Japanese and Australian scientists, Deepest swimming fish ever recorded. In particular, it is a fish that was filmed swimming 8 kilometers below the surface, thus setting a new world record. animal of unknown species snail fish pseudoliparisRecorded at a depth of 8,336 meters In the Izu-Ogasawara Trench in southeast Japan. The images were taken from a diver who was part of an expedition that started last year.
Just days after scientists recorded this fish, they found two such snail fish. Pseudoliparis belyaevi, in the same submarine trench at a depth of 8,022 meters. The team claimed that these were the first fish to be recorded at depths greater than 8,000 meters.
Scientists from the Deep Sea Research Center at Minderoo University in Western Australia set out to explore the Izu-Ogasawara and Ryukyu trenches of Japan, at depths of 8,000, 9,300 and 7,300 meters, respectively. , as part of a ten-year study of the world’s deepest fish stocks. The expedition started last year and, use autonomous deep-sea submarinesresearchers placed bait cameras deep in these pits.

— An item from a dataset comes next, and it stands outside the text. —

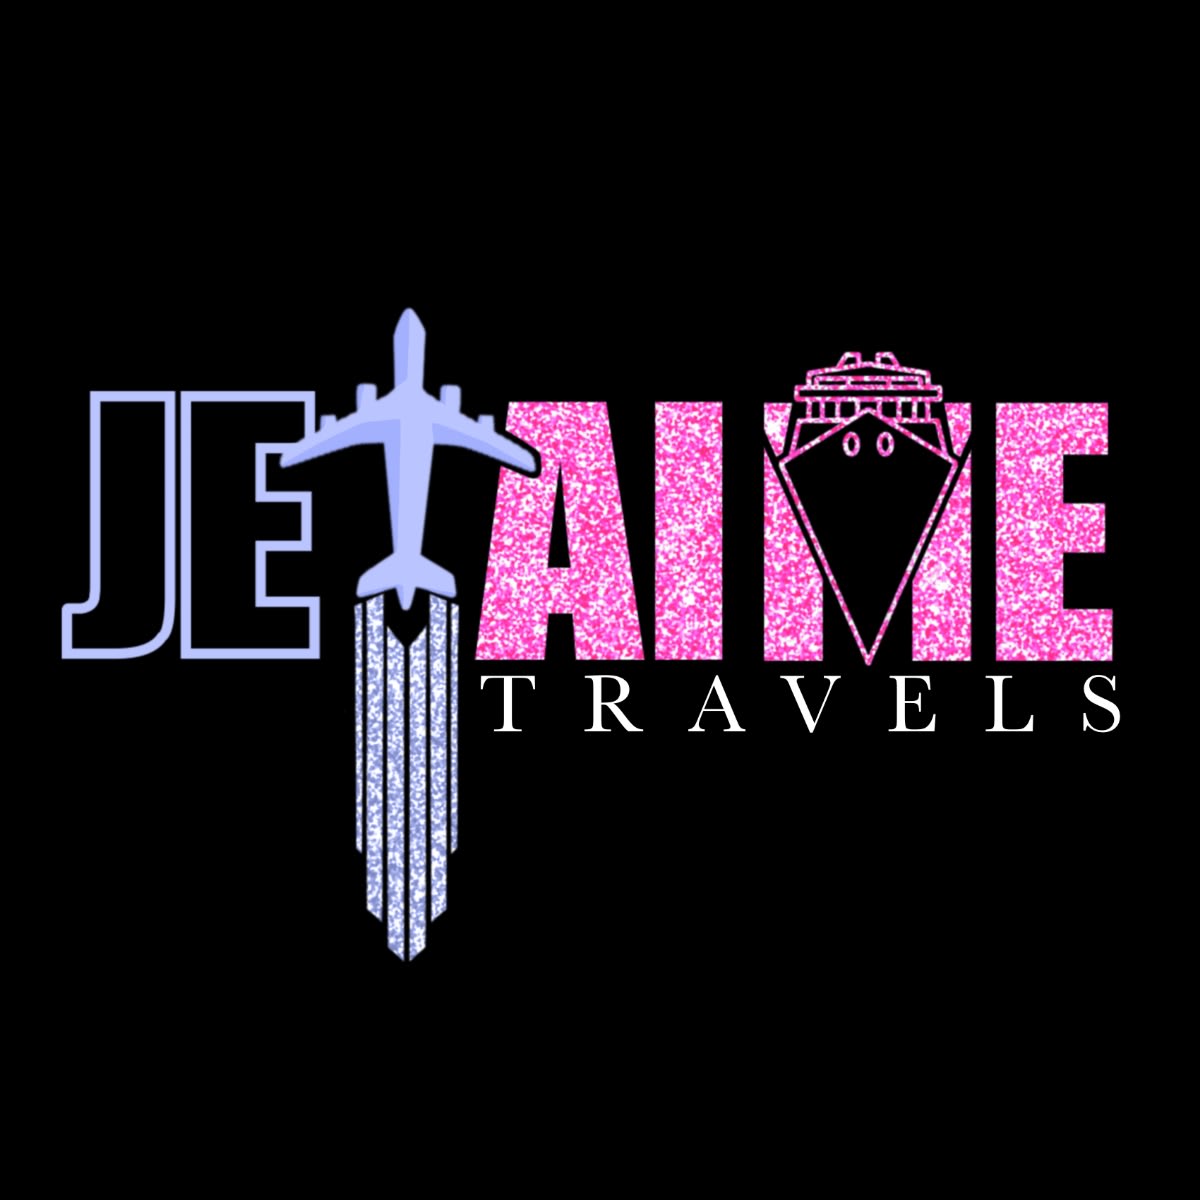 Jet'aime Travel's

Professor Alan Jamieson, the expedition’s lead scientist and founder of the Minderoo-UWA Deep Sea Research Center, pointed out that evolutionary adaptations allow: some species of snail fish can live about 1,000 meters deeper than where the fish live further from the surface.
More than 400 species of snails are known to live in a wide variety of habitats, from shallow waters to the darkness of the deep ocean. Under 8,000 meters of water, the pressure is 800 times greater than at the ocean surface.
The appearance of these fish surprised scientists. “When you imagine what the deepest fish in the world should look like, they’ll most likely be gnarled, black, with big teeth and small eyes,” Jamieson said. However, “probably [ese aspecto] It has nothing to do with the depth of the sea, but with the darkness of those regions.” Deep-sea adaptations tend to be less visible, he added.
Teens are deeper
In the video in question, the deepest recorded individual was a juvenile fish. Unlike other deep-sea fish species, young snails generally live deeper than adults.
“Because there’s nothing else beneath them, the shallow area of the range overlaps with many other deep-sea fish, so placing the fry in this area likely means they’ll be eaten,” Jamieson said.
Jamieson said the Japan expedition confirmed the theory that the Mariana snail, which was found at an altitude of 8,178 meters in the Mariana Trench in 2017, would not be the deepest fish in the world.
About a decade ago, Jamieson’s team had argued that it might be biologically impossible for fish to survive at depths greater than 8,200 to 8,400 meters.
It is intriguing that snail fish have adapted to a greater depth than any other vertebrate can survive, because they are not usually a deep sea breed. Most snail fish live in shallow waters such as estuaries.
Fish between 20 and 25 centimeters at these depths They feed on small crustaceans, which in turn feed on substances that fall into the pit when surface water creatures die.. “It can take weeks or months for these to sink in,” Jamieson said. However, the hungry crustaceans of the deep do not understand expiration dates and thus obtain an important food source.